2. The heat exchange assembly of a steam turbine steam seal cooler according to claim 1, characterized in that: The air inlet pipe (15) and the air outlet pipe (16) are respectively connected between the gaps of the spiral guide plate (21), and the air inlet pipe (15) and the air outlet pipe (16) are arranged opposite to each other.
3. The heat exchange assembly of a steam turbine steam seal cooler according to claim 1, characterized in that: The bottom of the fixed frame (22) is fixedly connected to a flow guide support plate (27) that fits into the bottom of the outer shell (11).

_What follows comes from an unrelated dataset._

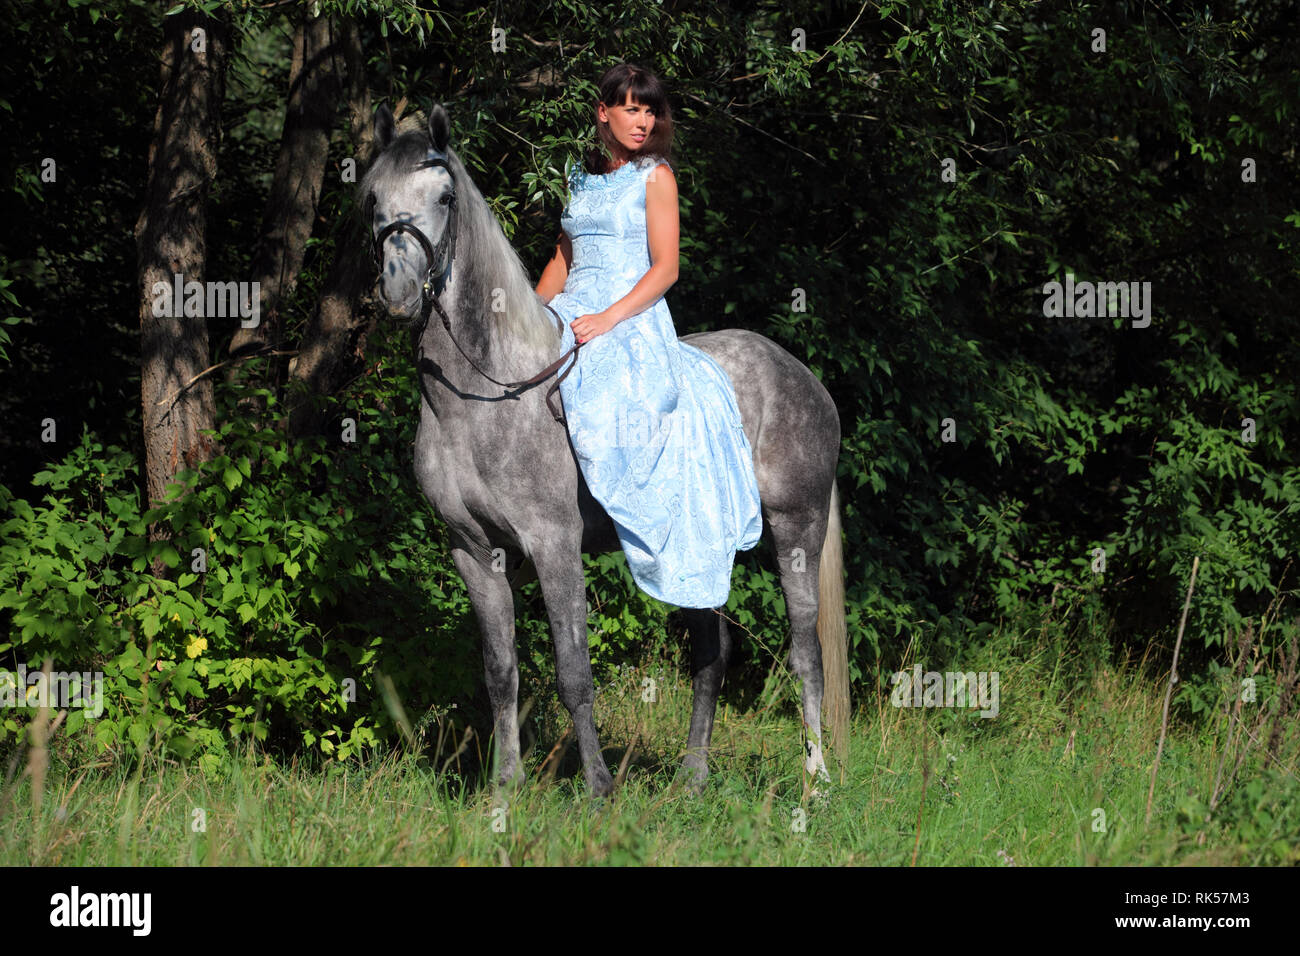 Schöne brünette Frau mit langen Haaren und blauen Kleid in den Wäldern mit dapple graues Pferd Stockfoto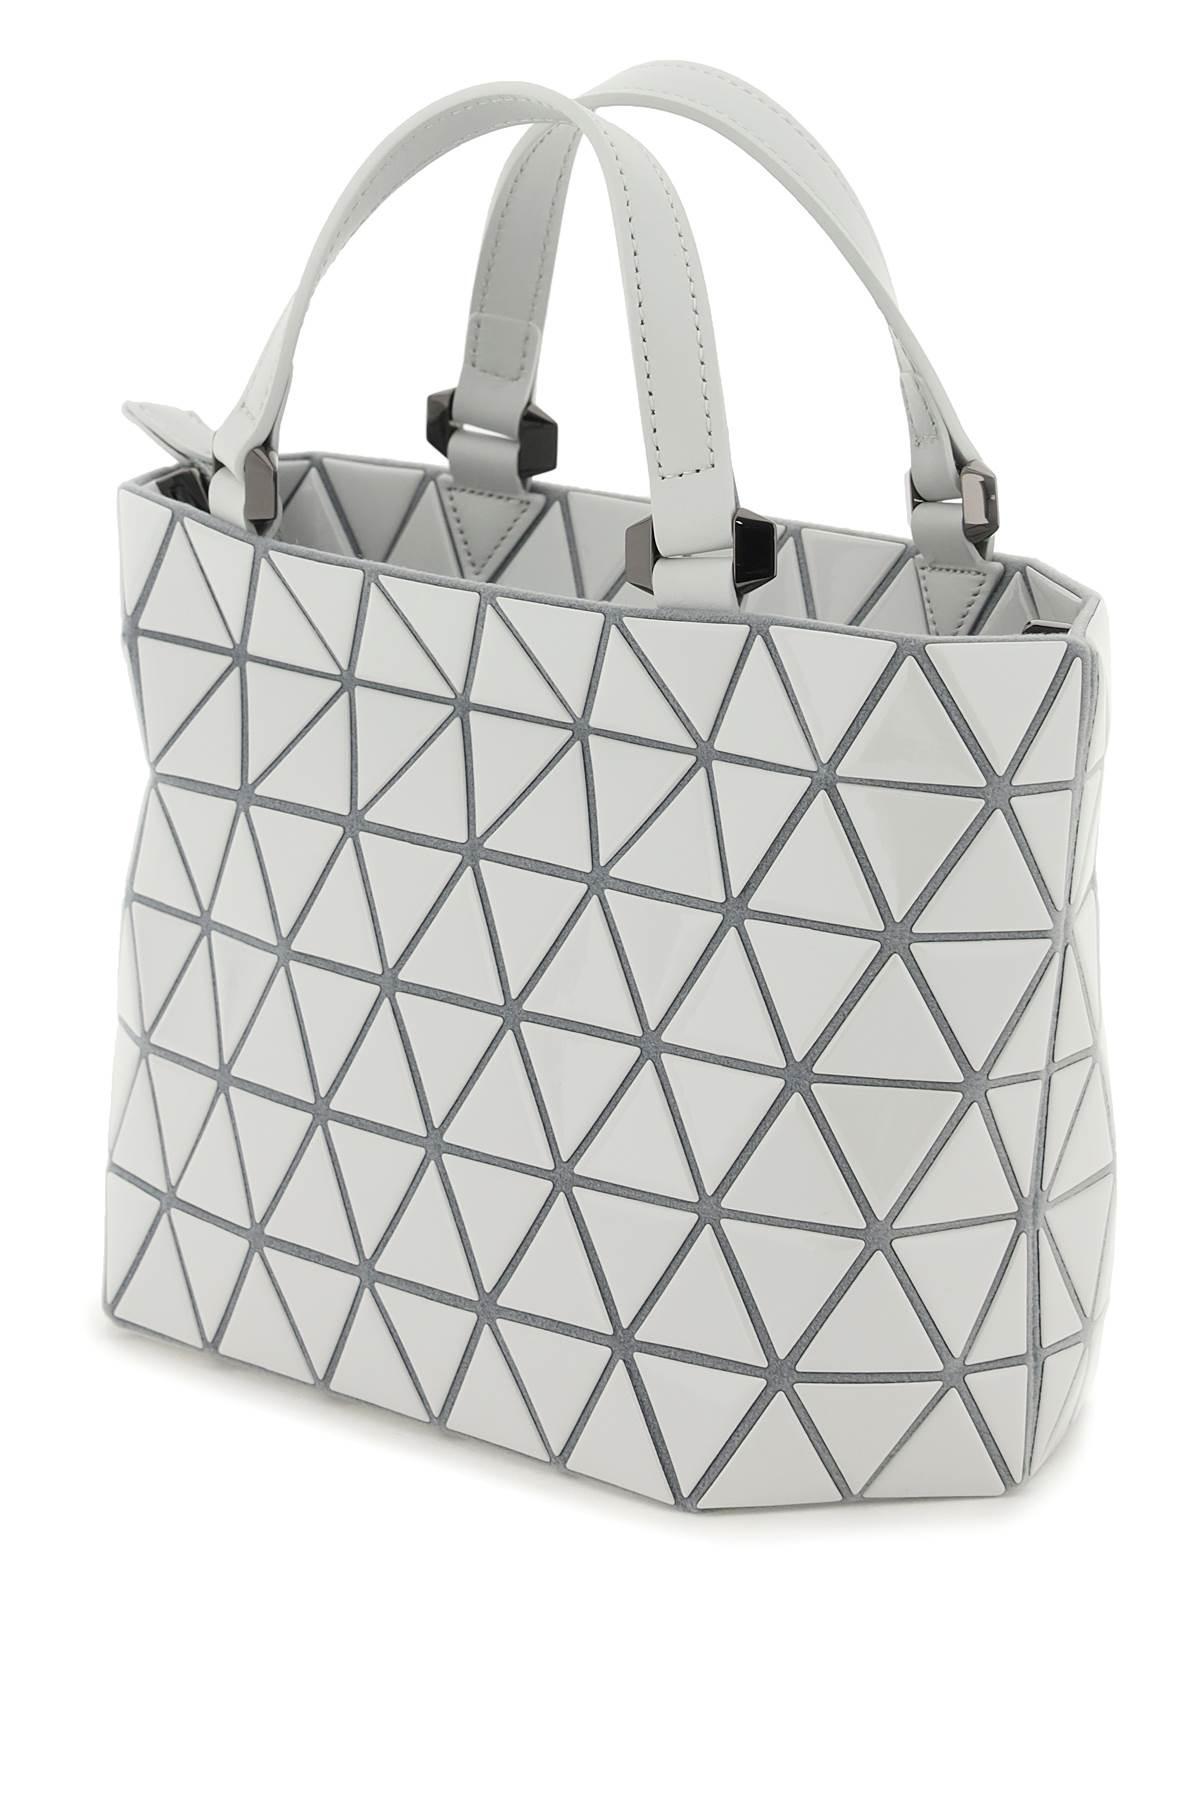 Bao Bao Issey Miyake 'crystal Gloss' Handbag in Gray | Lyst

4. The heat exchange assembly of a steam turbine steam seal cooler according to claim 1, characterized in that: Cooling water pipes (14) connected to the inlet end (24) and the outlet end (25) are respectively provided on the outer side of the cover plate (13) and the outer shell (11).
5. A heat exchange assembly for a steam turbine steam seal cooler according to claim 3, characterized in that: The drainage assembly (3) includes a permeable mesh plate (31), a flow guide (32) and a drain pipe (33). The bottom of the outer shell (11) is provided with a confluence port (17). The permeable mesh plate (31) is fixedly installed on the inner side of the confluence port (17). The flow guide (32) is fixedly connected to the bottom of the outer shell (11) and covers the outside of the permeable mesh plate (31). The drain pipe (33) is fixedly connected to the bottom of the flow guide (32).
6. A heat exchange assembly for a steam turbine steam seal cooler according to claim 5, characterized in that: The flow guide support plate (27) is located directly above the permeable mesh plate (31), and the cross section of the flow guide support plate (27) is in the shape of an inverted trapezoid.
7. A heat exchange assembly for a steam turbine steam seal cooler according to claim 5, characterized in that: The bottom of the flow guide (32) is sloping towards the drain pipe (33).